## Supplied records

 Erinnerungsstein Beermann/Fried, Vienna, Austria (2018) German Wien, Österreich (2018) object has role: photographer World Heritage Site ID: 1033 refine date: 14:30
--
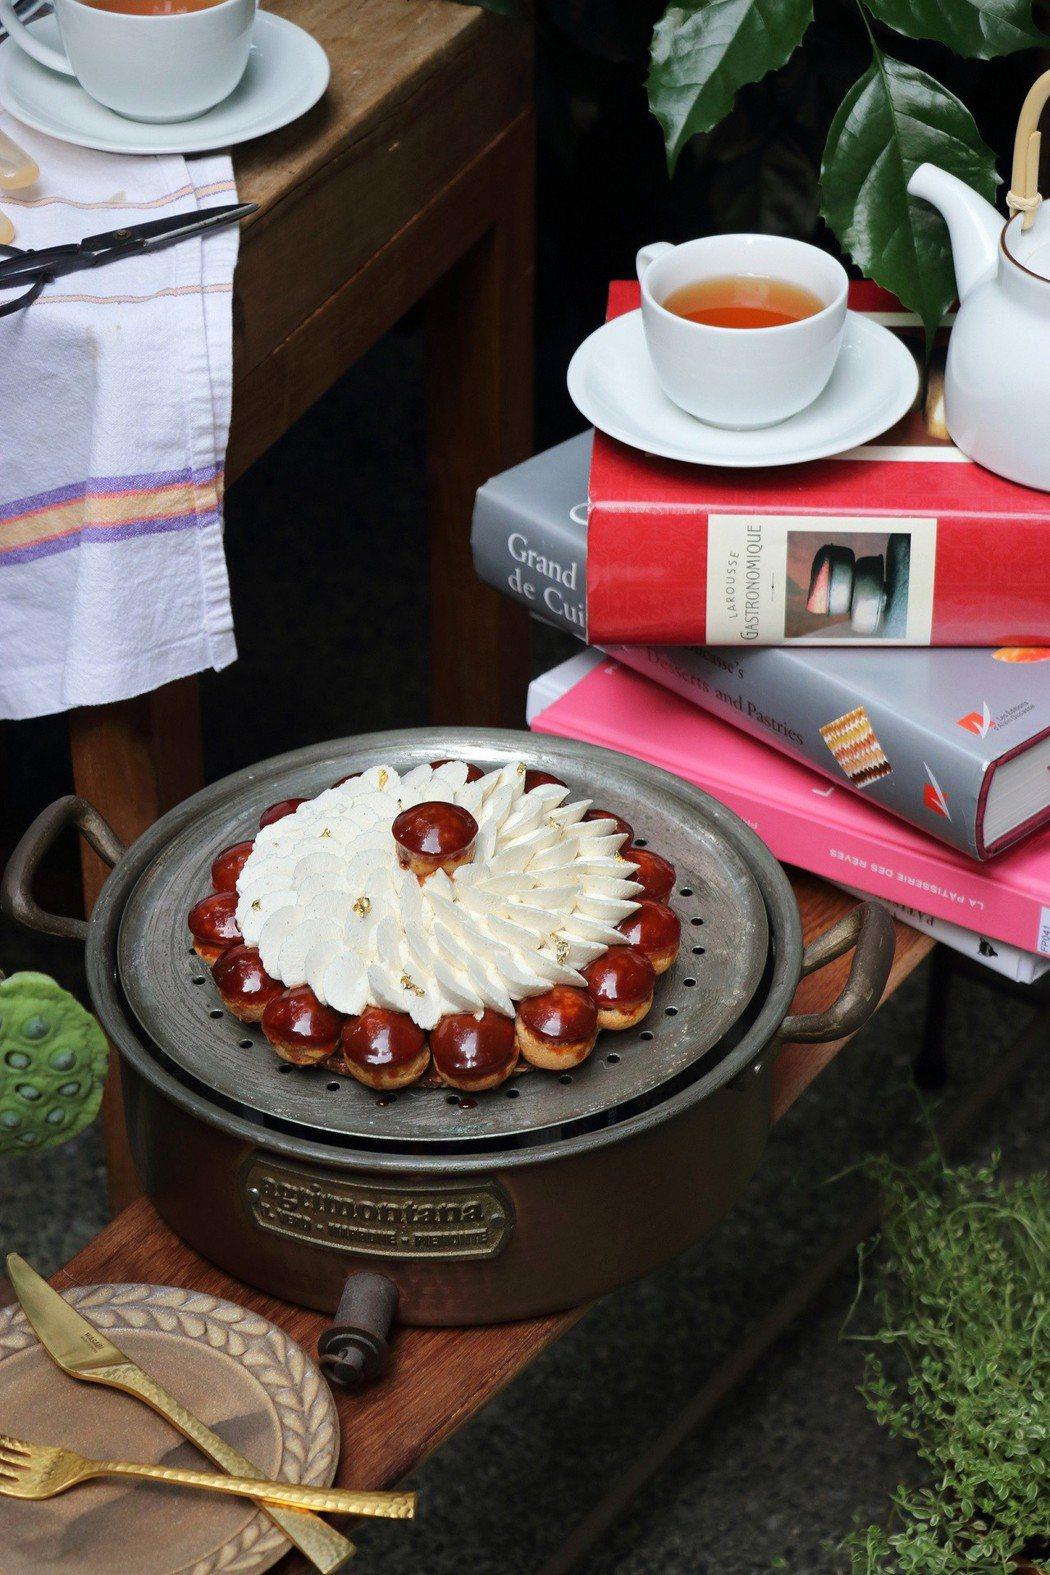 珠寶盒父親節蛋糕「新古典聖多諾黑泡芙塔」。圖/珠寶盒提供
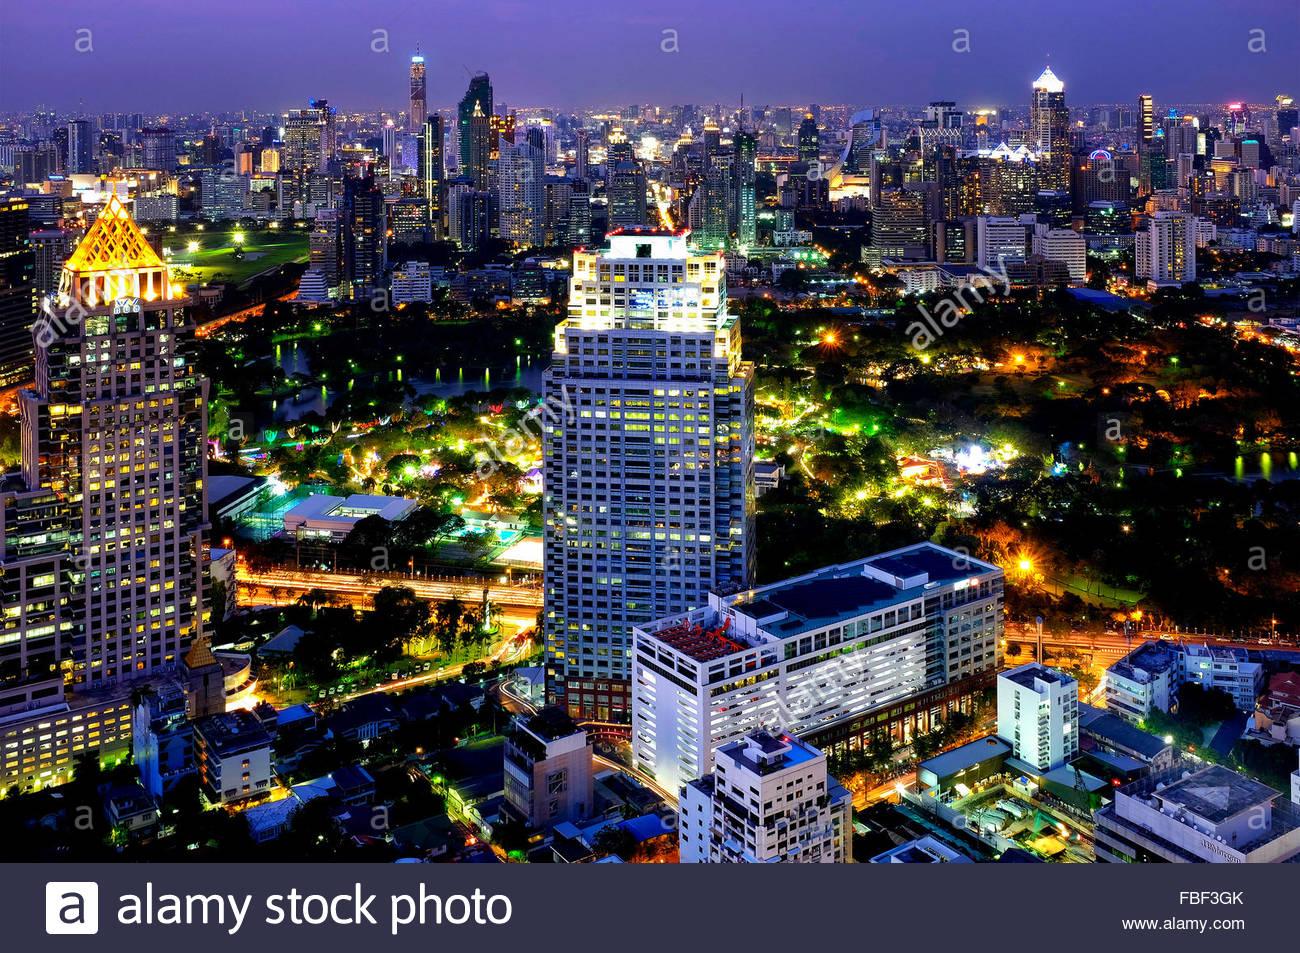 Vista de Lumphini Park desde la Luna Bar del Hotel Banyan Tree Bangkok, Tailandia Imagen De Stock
* * *
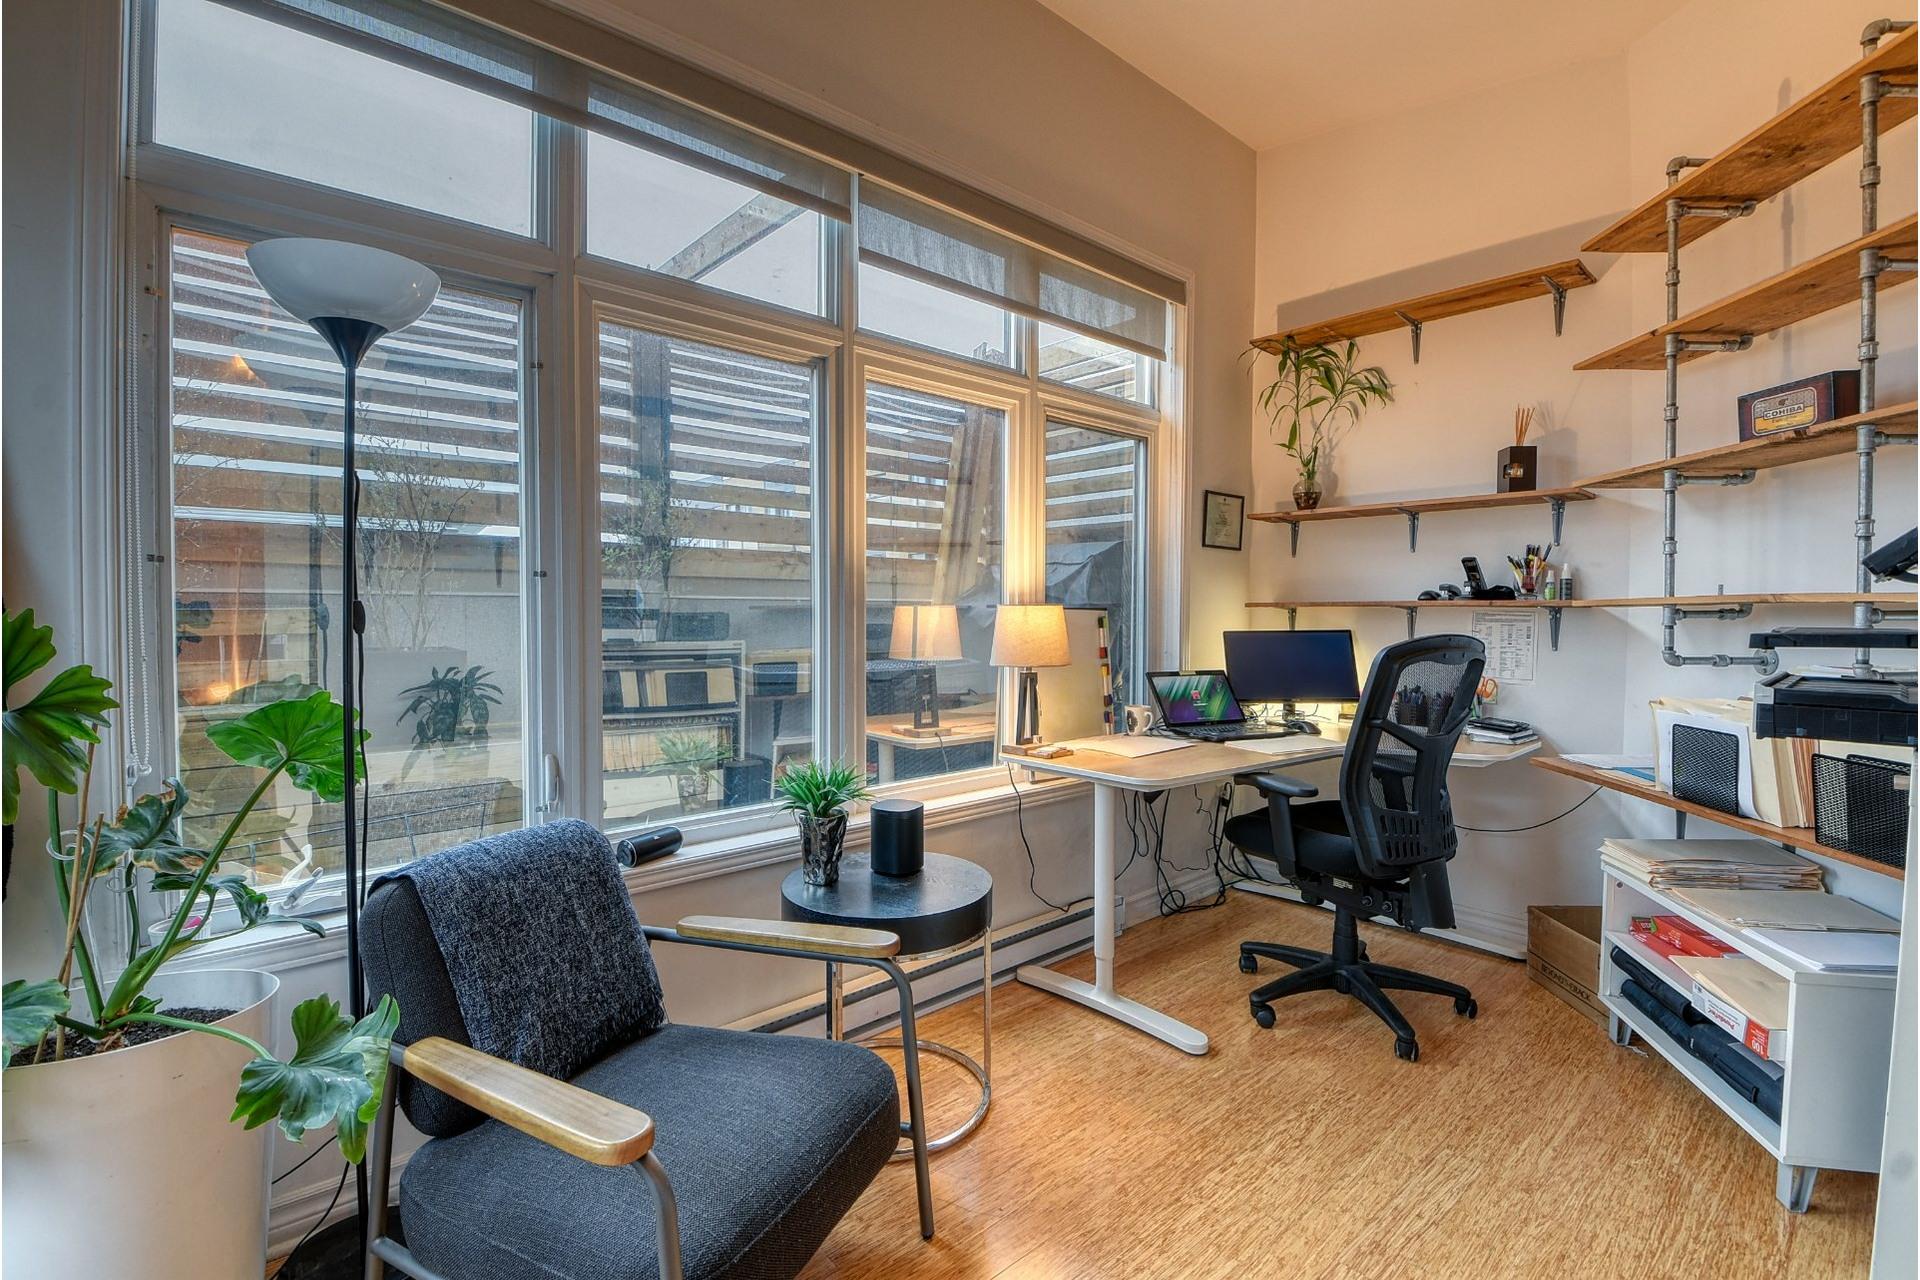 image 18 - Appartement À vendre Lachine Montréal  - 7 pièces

## Task prompt
Within the listing above, write out the stretch from the line with "珠寶盒父親節蛋糕「新古典聖多諾黑泡芙塔」。圖/珠寶盒提供" through the line with "Vista de Lumphini" exactly. Any pictures are to be left out.

## Finished exercise
 珠寶盒父親節蛋糕「新古典聖多諾黑泡芙塔」。圖/珠寶盒提供
 Vista de Lumphini Park desde la Luna Bar del Hotel Banyan Tree Bangkok, Tailandia Imagen De Stock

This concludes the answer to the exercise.